In Module 1, you learned to construct for loops to repeat a series of steps over a predefined number of times, e.g., for each item x in example_list where example_list contains 4 items [Module 1: Section 4](https://github.com/bueno646/CIERA-HS-Program-2021/blob/master/IDEASpy-Mike-Updates/Module_1/Section_4_conditional_statements_and_loops.ipynb). Another way to repeat a sequence of steps is through a for loop, in which you repeat (or "iterate") over a predefined sequence, such as a Python list. As a reminder, here is the general structure for a for loop:

> example_list = [2,4,6,8]
> for temporary_variable in example_list:<br>
> &nbsp; &nbsp; &nbsp;    print(temporary_variable)

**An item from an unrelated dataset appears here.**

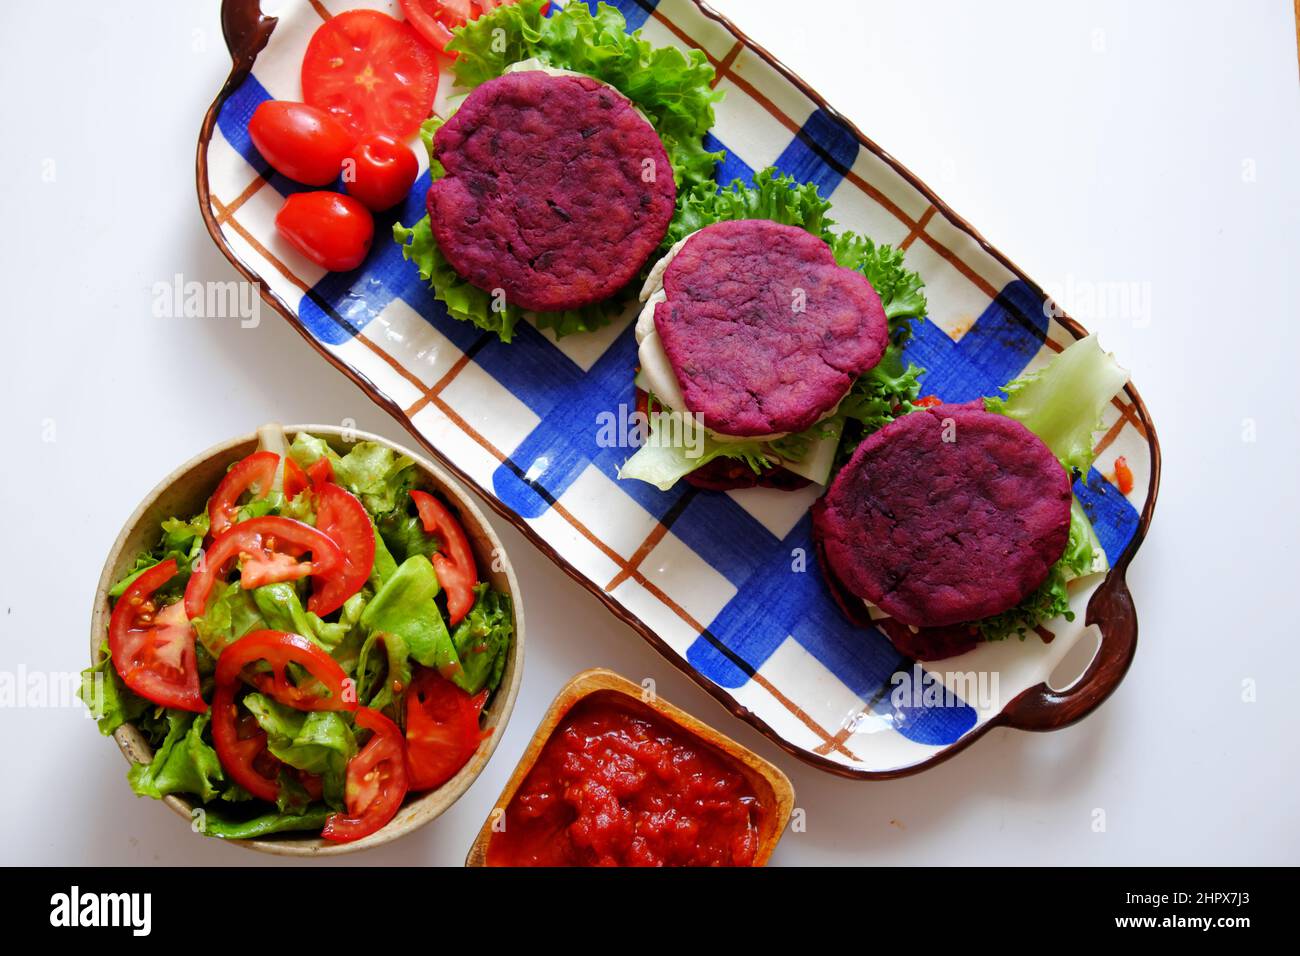 Amazing colorful raw material food for vegan hamburger from violet sweet potato with tomato sauce, salad, cucumber, healthy food for breakfast that ri Stock Photo

Try running this code in the cell below!

In [2]:
example_list = [2,4,6,8] 

for temporary_variable in example_list:
    
    print(temporary_variable)

2
4
6
8


__Explanation__:<br>
"temporary_variable" in the cell above is a variable the for loop uses as it goes through the items in the sequence "example_list". Starting with the 0th element in example_list, the int 2, the for loop saves this element as "temporary_variable". The for loop then does what we tell it to - print "temporary_variable" in line 5. After this temporary_variable is printed, the for loop starts over again with the next element in example_list - the int 4 - being saved as the "temporary_variable" because there are no other commands after the print statement. Everything under line 3 in the cell above is repeated for each item in "example_list".

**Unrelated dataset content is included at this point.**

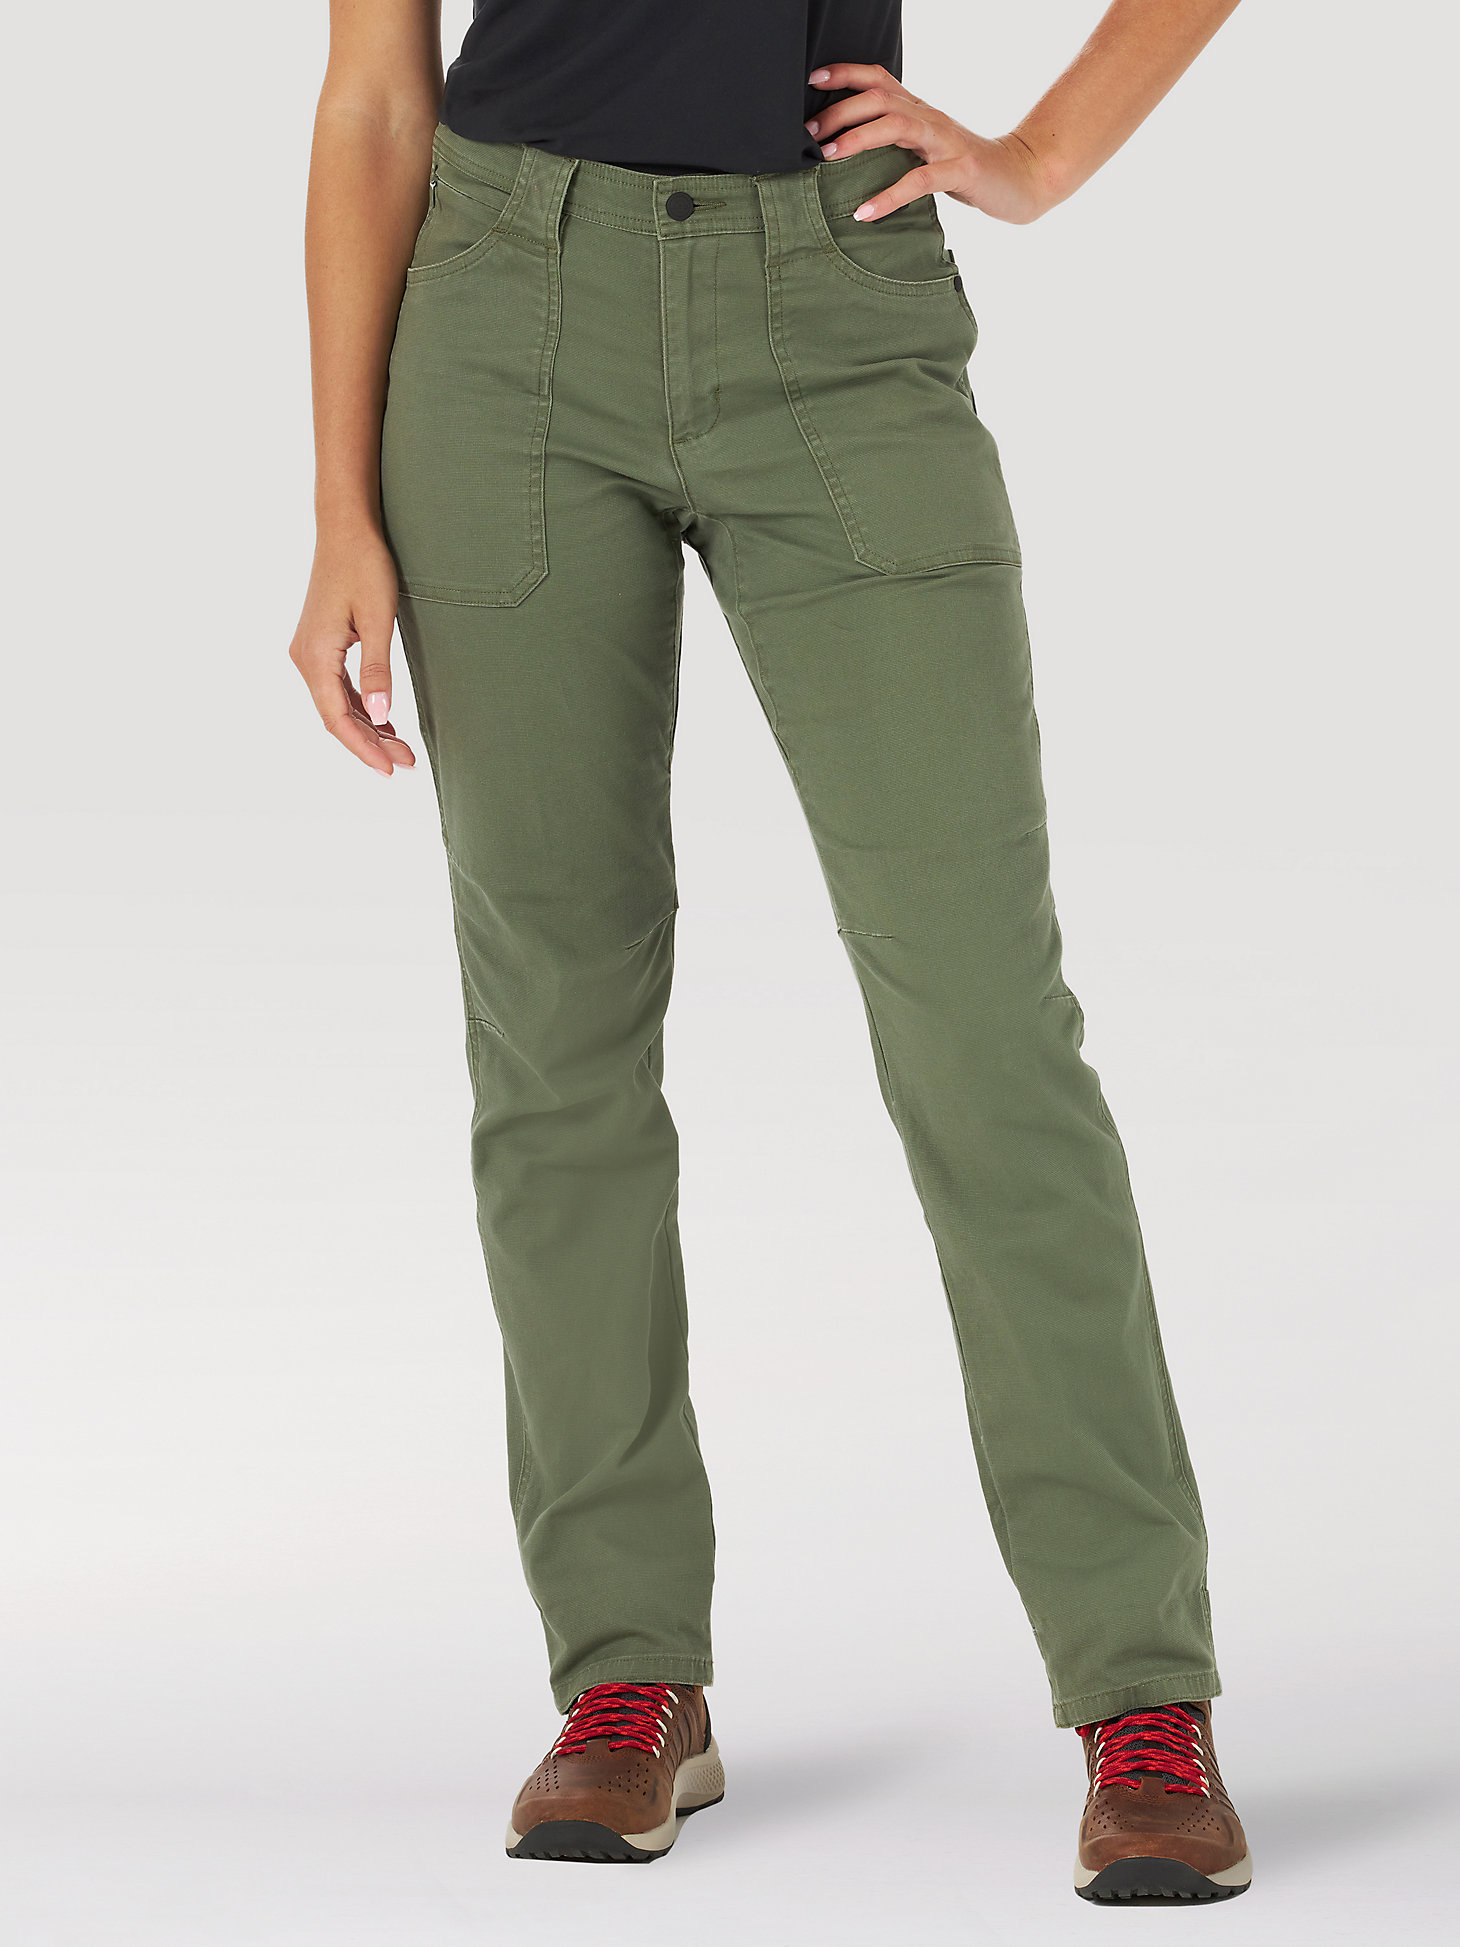 ATG By Wrangler™ Women's Canvas Pant in Olive main view

### Quick note on variable names
It is important to be careful with the different names you use in your code! It can be helpful to name your variables in a way that helps prevent you from accidently reusing variables later on! Unknowningly reusing a  variable that you used earlier can lead to bugs in your code that can be difficult to find! In our example from above, the temporary variable "temporary_variable" will remain assigned to the last element in the python list it was iterating over. Run the cell below to see for yourself!

In [5]:
print(temporary_variable)

8


##  Grabbing indices for an iterable object

We can also iterate over the indices of the list (e.g., for a list of 4 elements, or length 4, the indices are 0, 1, 2, and 3). Within the loop, we reference the items by the list name and the index variable. You may find it helpful to revist our discussion on indexing in 1.3 of [Module 2: Section 1](https://github.com/bueno646/CIERA-HS-Program-2021/blob/master/IDEASpy-Mike-Updates/Module_2/Section_1.ipynb).  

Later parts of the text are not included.